CTRL-A: Give your morals a rest, we all need a little freakiness

by David Holub

“I think I saw the outline of my neighbor’s penis in his pleather pants.”

That was an actual line I heard after the Snowdown Follies on Tuesday night at the Strater Theatre. Normally, it’s the kind of comment I’d deem rude or sophomoric. But after the Follies, through all the crassness, low-brow hijinks, innuendo, debauchery and hyper-sexualization of, well, everything, it struck me as precisely the sentiment that makes the Follies – and as an extension, Snowdown – special, great even.

As we know by now, Snowdown has become the time of year – maybe the only time of year – when we give ourselves and our neighbors permission to let the freakiness come out, where social niceties don’t apply, when we shed pleasantries, where decorum is given temporary reprieve, where a what-happens-at-Snowdown-stays-at-Snowdown attitude pervades.
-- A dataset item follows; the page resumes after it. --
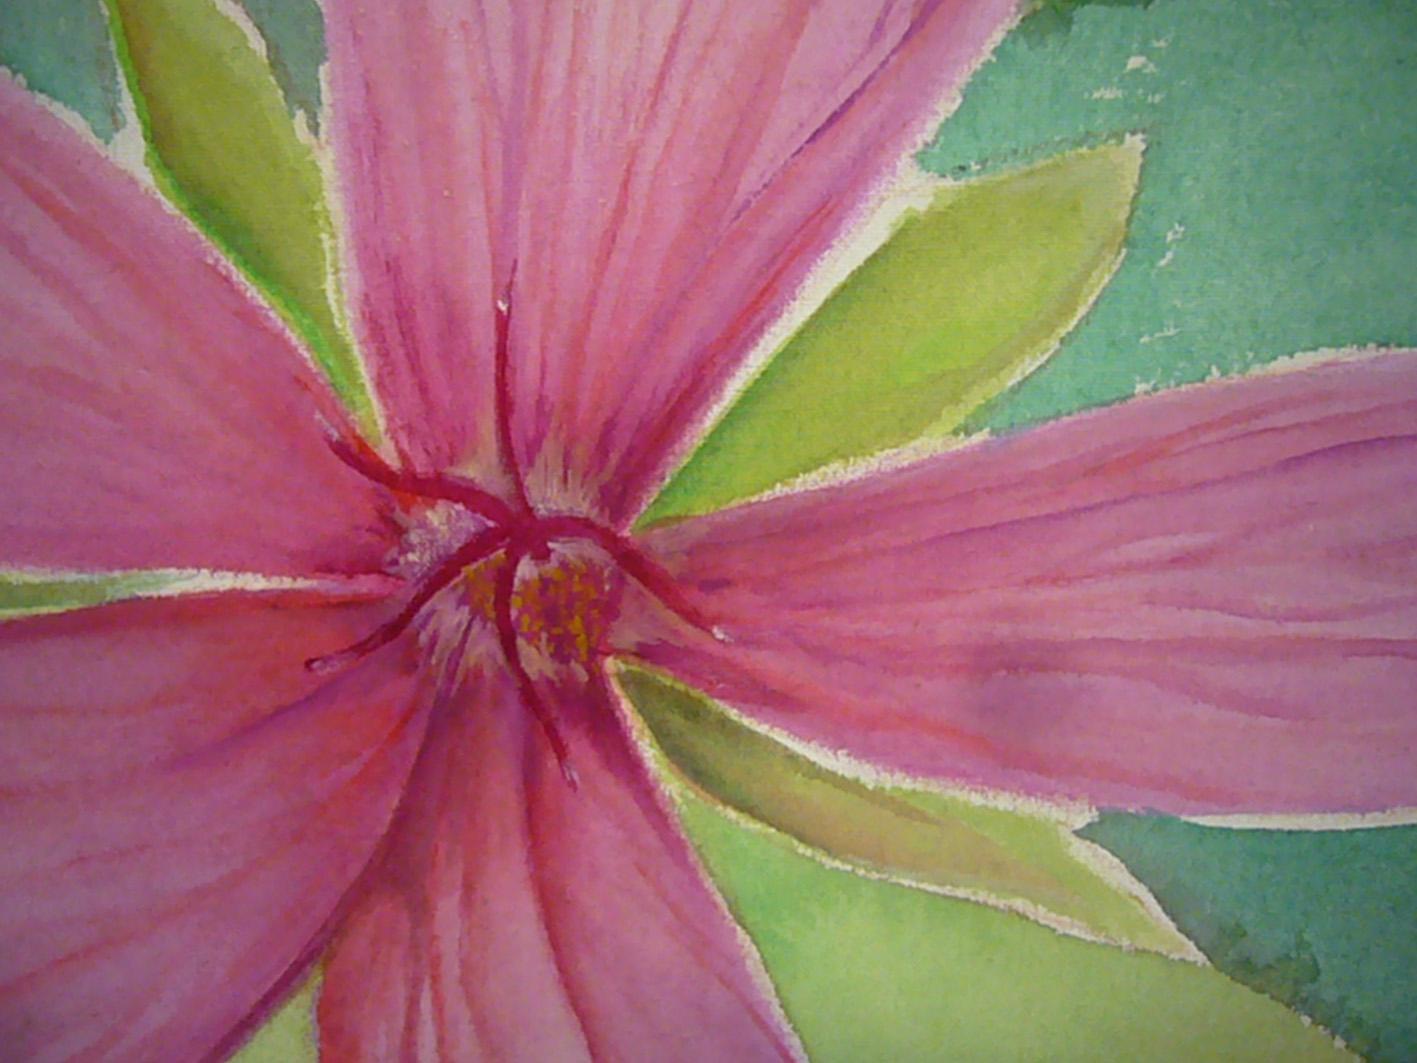 Cuadros con flores cuadros - Cuadros flores modernas ...

Snowdown gives us a chance to become the performers, the fashion models, the costume designers, the exhibitionists, to do things we might not normally do, to get a tad crazier than we might on your average Thursday.

The Follies, the year’s hot ticket, are all of that in the purest, most concentrated form. These are normal people, your bank tellers and mechanics and dental hygienists and landlords. And there they are for all to see, lying onstage, writhing like Madonna in a wedding dress; making dirty jokes dressed as the governor; or wearing a goofy cowboy costume, singing a mean-spirited, crass song that manages to be both misogynist and homophobic.

I’ll admit: I’m a comedy snob. Like a huge, off-putting, not-fun-to-be-around comedy snob. In theory, the Follies are definitely not my brand. But for the sake of the performers, thank god we have sewer plant issues in this town or else performers would have had to try even harder to incorporate all those poopy and pee-pee jokes into their acts. And I’d say there were a few more artificial phalluses than I expected. Just when I thought there would be no more fake penisia, they just kept keep growing out of people’s pants. We never saw it, but I suspect even the host playing Caitlyn Jenner was wearing one, just to get into character. (Though I was confused the whole time: It seems like the whole point of having one host play Bruce Jenner and the other Caitlyn would be for a woman to play Bruce – which she clearly was – but for a man to play Caitlyn. Seems obvious, right?)

But the atmosphere, the energy in the air, the raucousness was electric, and I found myself playing along, whooping, whistling, booing, hissing, heckling (Donald Trump, mainly).

My favorite act of the night was the set of dancers disguised beneath what looked like body-sized pillow cases, working their arms and legs in coordination to an ’80s Top 40 medley. I could only wonder where the idea came from. With the ’80s on my mind, it was as if I’d seen it as small child in a toothpaste commercial, people dancing inside oversized pillowcases and it all made weird, dream-like, trippy sense.

The performers certainly fed off the energy in the theater and returned it graciously to the audience, which then gave it all back to the performers to create a reciprocal feedback loop of bawdy, refreshing raucousness.

And isn’t that the excessive essence of Snowdown itself, where we feed off the communal energy. We put weeks and months of effort into our costumes, our performances, because we know we won’t be the only ones.

Follies performers aren’t pros, just regular people who’ve admirably put themselves out there to do something fun, courageous, outrageous. You might see these people this time next week, maybe it’s at yoga or maybe they’re stocking shelves or selling you a car. You’ll think, “Where do I know that person from?” And then an image of them in a bad wig pops into your head and you’ll say, “Ah, Snowdown.”